Attilio Salemme (1911-1955) was an American artist best known for his colorful, geometric paintings and works on paper, which juxtapose elongated vertical rectangles in complex relationships that suggest figural groups or “presences.”

Born near Boston, MA, Salemme supported his mother and sister from a very young age upon his father’s passing. After leaving school to take care of them, Salemme eventually joined the Marines. Back in New York City in 1930 in the first years of the Depression, Salemme found assorted jobs to support himself, his mother and sister. He started to think seriously of art as a career while living in the artistic milieu of Greenwich Village, though he had a conflicting interest in science. He met his wife and other artists when he got a job as a framer in 1942 at the precursor of the Solomon R. Guggenheim Museum, the Guggenheim Museum of Non-Objective Art. He was taken by the city’s rich museum collections, especially antiquities from ancient Italy and Greece. He had a notable preoccupation with classicism and studied Greco-Roman culture and history, whose influence he melded with his unique form of precisionist symbolism. According to his wife Lucia Salemme, he was always reaching back to the past to situate his thoughts on the present. He counted Marcel Duchamp and Alexander Calder among close friends, as well as Milton Avery, a fellow framer.

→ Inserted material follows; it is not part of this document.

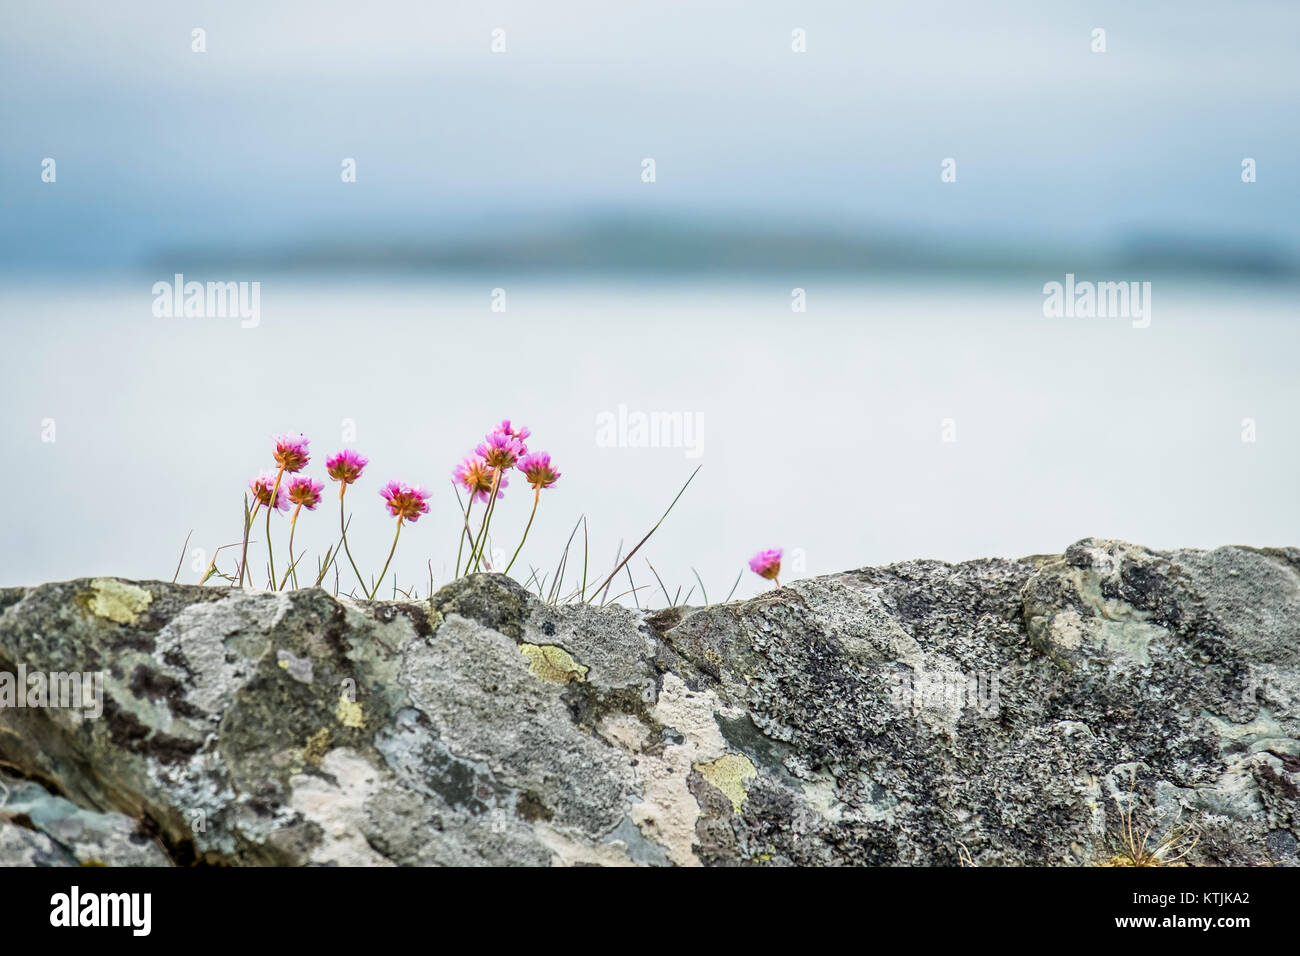 Wild coastal flowers growing on rocks on the shores in Scotland Stock Photo

Salemme died of a heart attack in 1955, and his paintings would soon be acknowledged for their surreal and metaphysical qualities. His work can be found in the collections of the Brooklyn Museum, Metropolitan Museum of Art, Museum of Modern Art and Whitney Museum of American Art, among others. Salemme was the subject a posthumous retrospective exhibition at the Whitney in the spring of 1959.